*Exercise materials:*
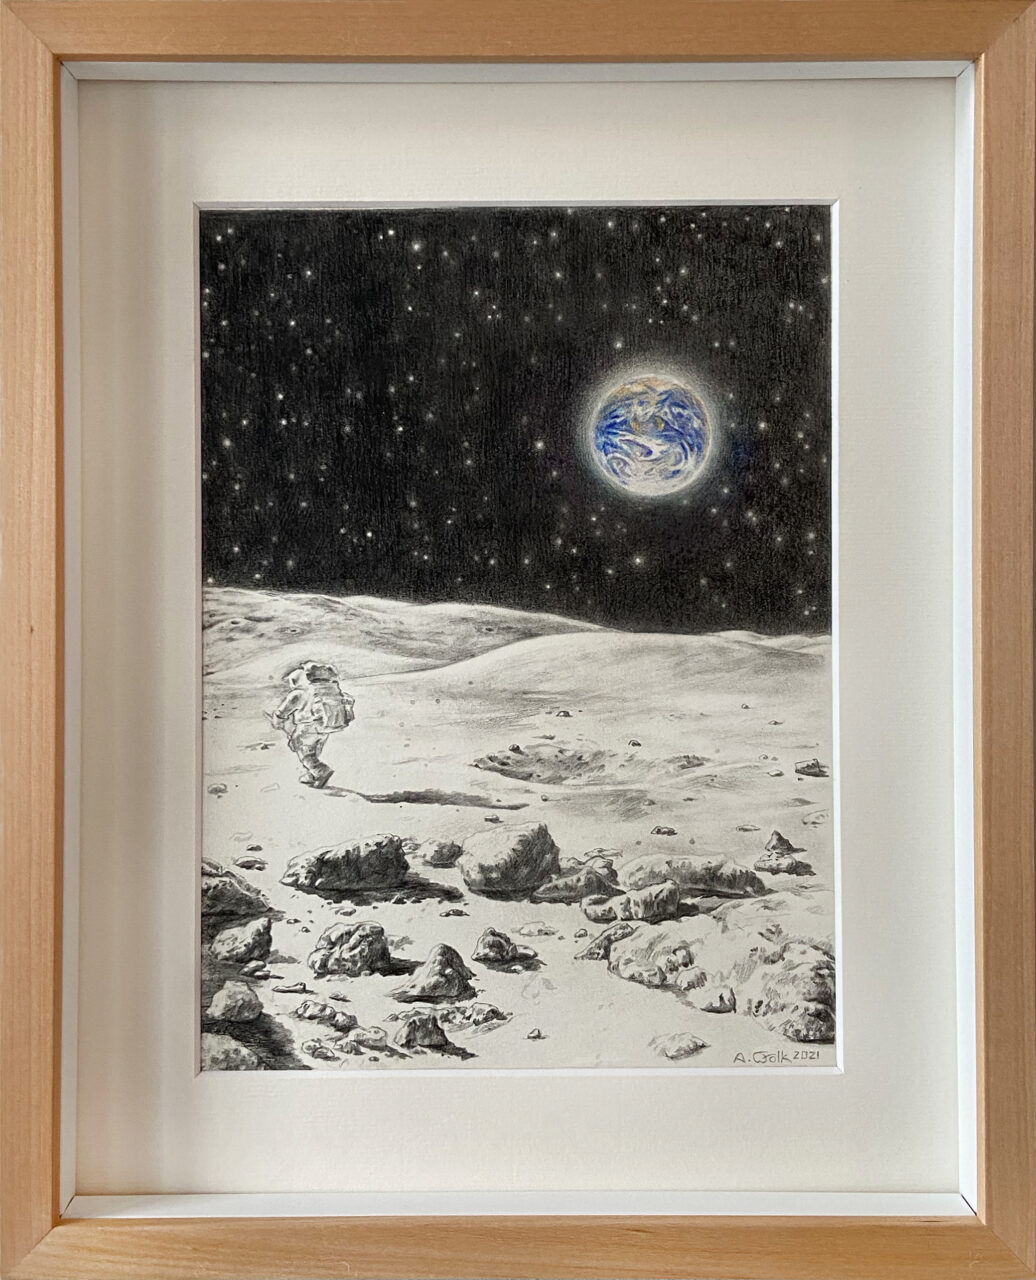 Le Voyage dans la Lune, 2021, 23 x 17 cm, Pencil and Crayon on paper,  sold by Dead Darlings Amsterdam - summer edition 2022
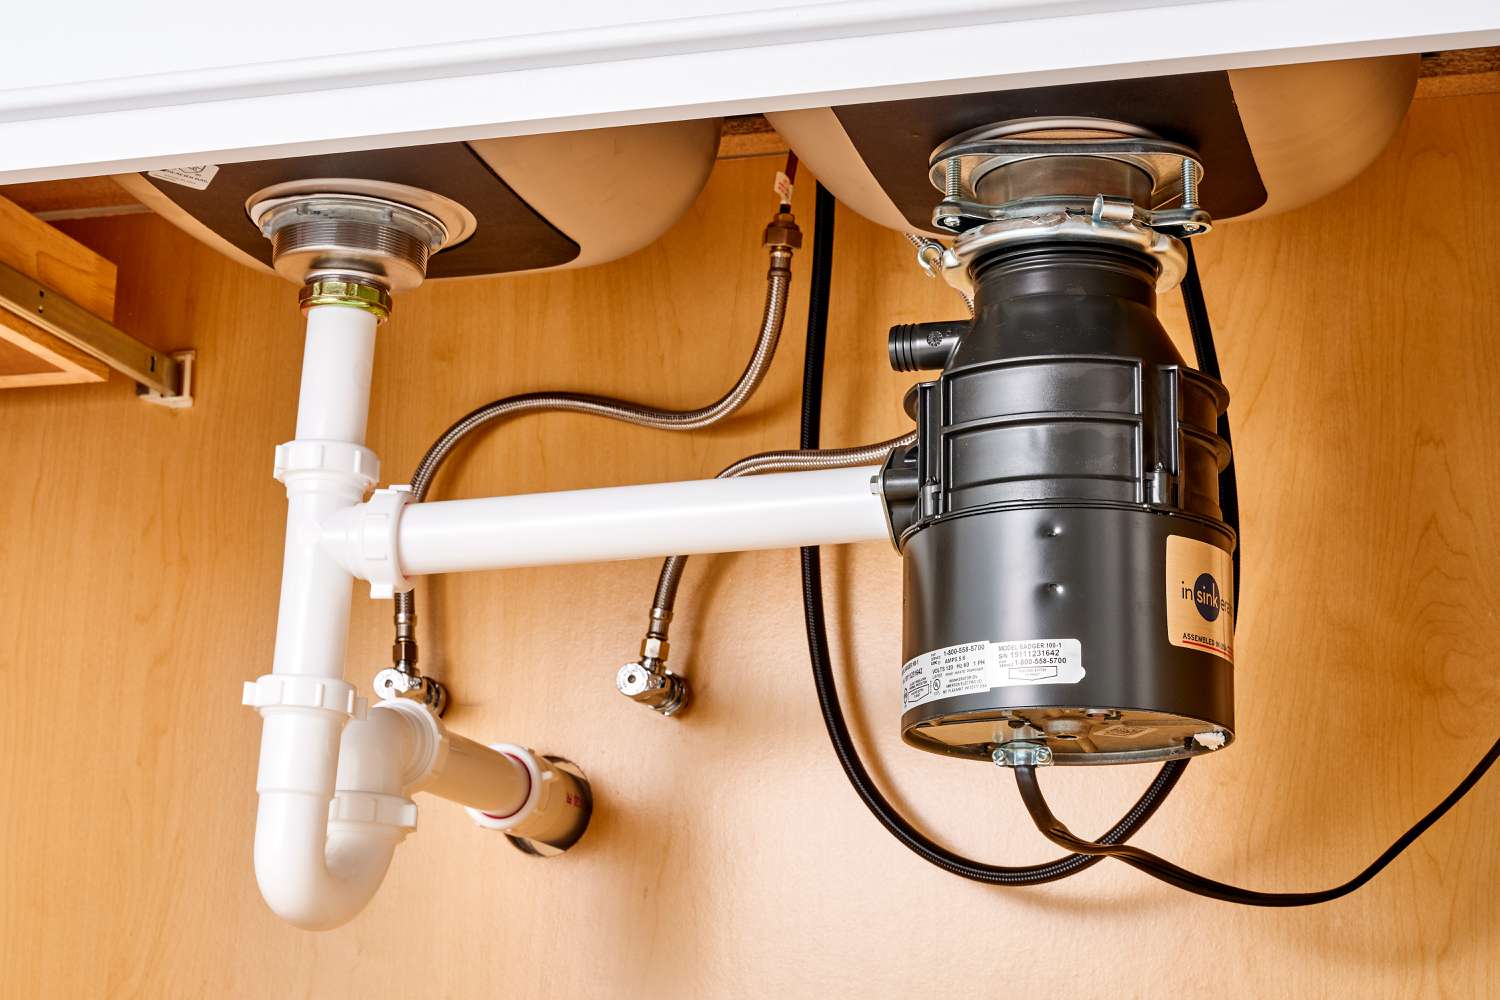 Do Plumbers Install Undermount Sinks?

* * *

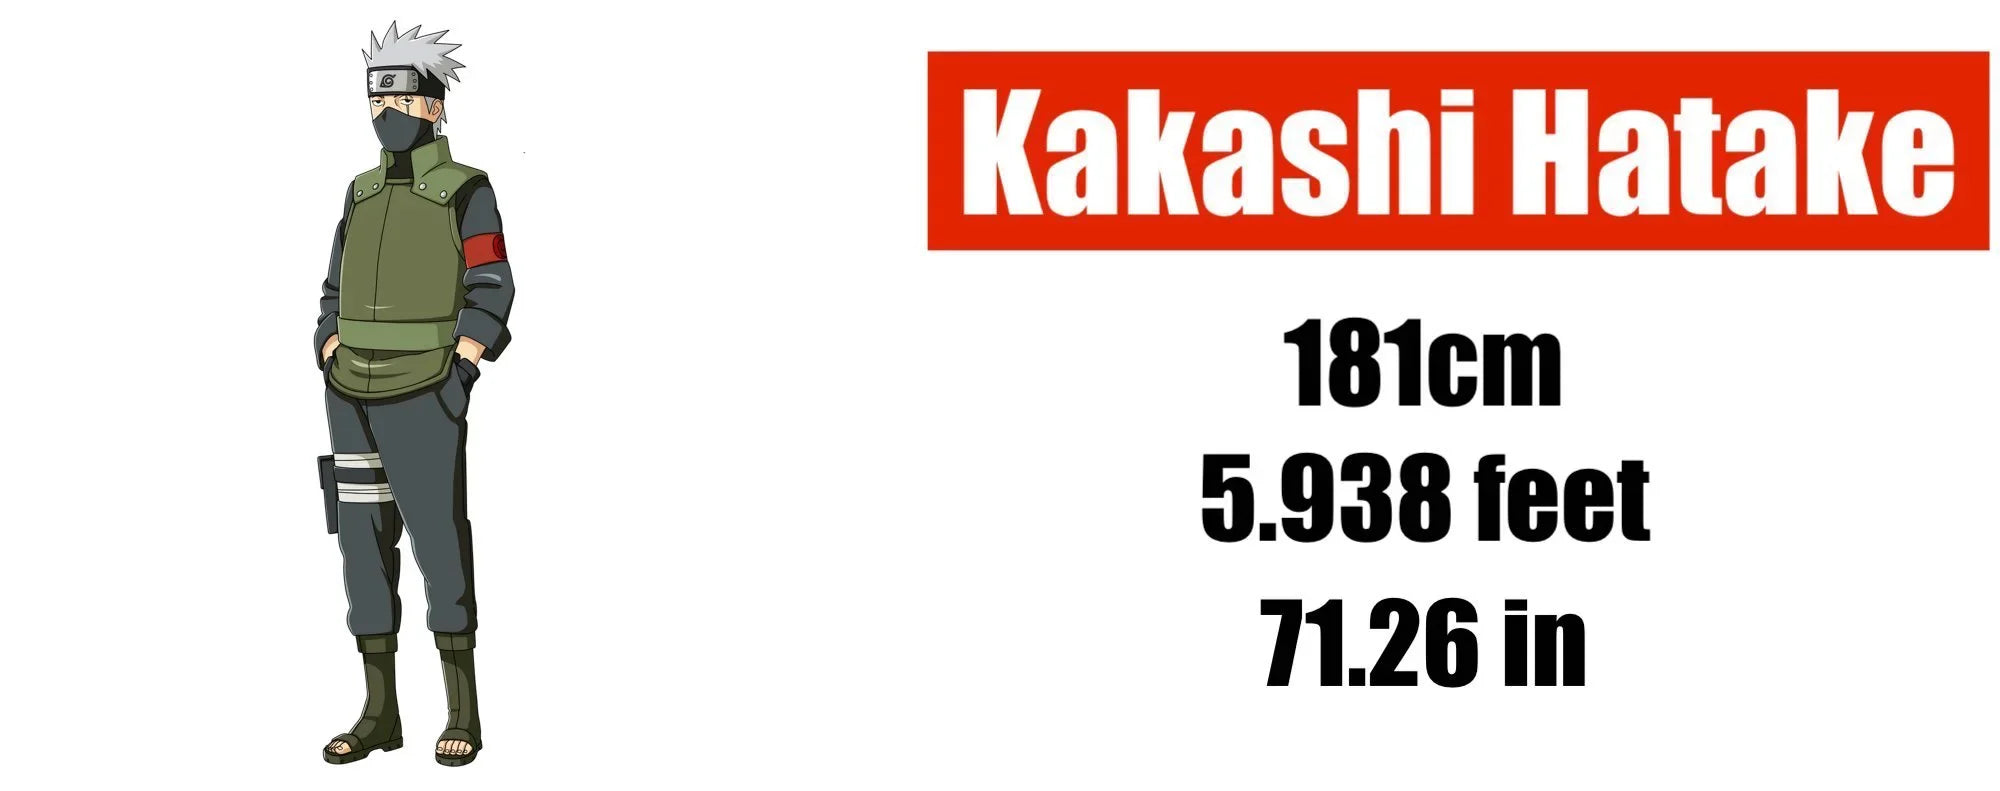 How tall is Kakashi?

*Your objective:* Starting at the line above that holds "Le Voyage dans", repeat every line exactly down to and including the line that holds "Do Plumbers Install Undermount Sinks?", then stop. Do not carry over any pictures.

*Solution:*
 Le Voyage dans la Lune, 2021, 23 x 17 cm, Pencil and Crayon on paper,  sold by Dead Darlings Amsterdam - summer edition 2022
 Do Plumbers Install Undermount Sinks?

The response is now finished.